Assigned task -
The first line of the data below and every line after it, through the one with "damske saty flowers navy blue eshopat cz 1", must be transcribed without change.

Dataset -

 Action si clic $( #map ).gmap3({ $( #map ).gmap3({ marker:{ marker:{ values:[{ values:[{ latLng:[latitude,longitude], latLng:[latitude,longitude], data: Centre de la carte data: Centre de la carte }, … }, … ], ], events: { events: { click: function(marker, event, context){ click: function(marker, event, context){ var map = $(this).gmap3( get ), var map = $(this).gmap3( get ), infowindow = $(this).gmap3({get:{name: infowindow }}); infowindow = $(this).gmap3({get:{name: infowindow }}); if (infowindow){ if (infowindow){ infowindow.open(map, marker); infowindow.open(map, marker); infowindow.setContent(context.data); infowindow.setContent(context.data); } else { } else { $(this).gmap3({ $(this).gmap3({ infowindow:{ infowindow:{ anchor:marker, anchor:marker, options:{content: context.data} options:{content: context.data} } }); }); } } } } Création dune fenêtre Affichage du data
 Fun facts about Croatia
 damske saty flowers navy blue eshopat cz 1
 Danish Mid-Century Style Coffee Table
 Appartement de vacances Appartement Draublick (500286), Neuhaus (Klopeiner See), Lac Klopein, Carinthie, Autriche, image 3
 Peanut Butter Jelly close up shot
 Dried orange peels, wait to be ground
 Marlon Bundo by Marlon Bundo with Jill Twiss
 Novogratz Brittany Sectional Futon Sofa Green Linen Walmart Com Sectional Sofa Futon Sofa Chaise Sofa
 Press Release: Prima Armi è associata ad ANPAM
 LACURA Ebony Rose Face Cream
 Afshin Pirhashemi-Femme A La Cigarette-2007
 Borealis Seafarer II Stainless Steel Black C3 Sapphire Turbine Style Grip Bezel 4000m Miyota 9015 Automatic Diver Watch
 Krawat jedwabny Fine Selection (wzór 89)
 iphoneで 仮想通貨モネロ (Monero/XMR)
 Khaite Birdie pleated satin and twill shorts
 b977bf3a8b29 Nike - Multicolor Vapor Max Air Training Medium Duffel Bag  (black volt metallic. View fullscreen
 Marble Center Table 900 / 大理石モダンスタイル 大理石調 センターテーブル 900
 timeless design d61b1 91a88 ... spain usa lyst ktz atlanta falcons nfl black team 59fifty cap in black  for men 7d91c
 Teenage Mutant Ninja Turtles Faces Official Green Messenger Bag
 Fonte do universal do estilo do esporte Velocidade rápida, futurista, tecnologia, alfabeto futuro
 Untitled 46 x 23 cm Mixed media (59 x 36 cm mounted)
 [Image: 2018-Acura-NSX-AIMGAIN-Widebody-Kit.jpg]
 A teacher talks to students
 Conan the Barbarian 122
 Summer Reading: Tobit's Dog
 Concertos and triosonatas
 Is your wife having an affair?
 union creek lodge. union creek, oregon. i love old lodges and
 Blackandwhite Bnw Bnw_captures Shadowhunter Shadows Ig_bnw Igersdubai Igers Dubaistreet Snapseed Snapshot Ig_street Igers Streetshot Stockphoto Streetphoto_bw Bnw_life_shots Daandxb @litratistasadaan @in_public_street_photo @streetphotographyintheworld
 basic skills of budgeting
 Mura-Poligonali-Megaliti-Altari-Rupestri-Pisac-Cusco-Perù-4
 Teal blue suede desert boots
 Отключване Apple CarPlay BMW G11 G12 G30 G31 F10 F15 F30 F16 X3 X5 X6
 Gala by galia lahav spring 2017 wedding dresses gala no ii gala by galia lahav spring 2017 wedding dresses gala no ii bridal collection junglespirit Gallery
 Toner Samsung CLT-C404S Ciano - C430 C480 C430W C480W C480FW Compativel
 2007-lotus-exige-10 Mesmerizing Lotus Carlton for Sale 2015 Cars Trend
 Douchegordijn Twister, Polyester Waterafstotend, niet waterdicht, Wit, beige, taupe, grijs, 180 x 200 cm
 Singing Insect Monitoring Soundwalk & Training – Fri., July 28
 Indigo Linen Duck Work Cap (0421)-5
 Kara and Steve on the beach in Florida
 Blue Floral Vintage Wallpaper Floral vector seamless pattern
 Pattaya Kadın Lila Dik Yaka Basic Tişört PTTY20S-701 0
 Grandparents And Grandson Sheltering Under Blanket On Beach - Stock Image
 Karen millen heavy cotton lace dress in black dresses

Completed exercise -
 Action si clic $( #map ).gmap3({ $( #map ).gmap3({ marker:{ marker:{ values:[{ values:[{ latLng:[latitude,longitude], latLng:[latitude,longitude], data: Centre de la carte data: Centre de la carte }, … }, … ], ], events: { events: { click: function(marker, event, context){ click: function(marker, event, context){ var map = $(this).gmap3( get ), var map = $(this).gmap3( get ), infowindow = $(this).gmap3({get:{name: infowindow }}); infowindow = $(this).gmap3({get:{name: infowindow }}); if (infowindow){ if (infowindow){ infowindow.open(map, marker); infowindow.open(map, marker); infowindow.setContent(context.data); infowindow.setContent(context.data); } else { } else { $(this).gmap3({ $(this).gmap3({ infowindow:{ infowindow:{ anchor:marker, anchor:marker, options:{content: context.data} options:{content: context.data} } }); }); } } } } Création dune fenêtre Affichage du data
 Fun facts about Croatia
 damske saty flowers navy blue eshopat cz 1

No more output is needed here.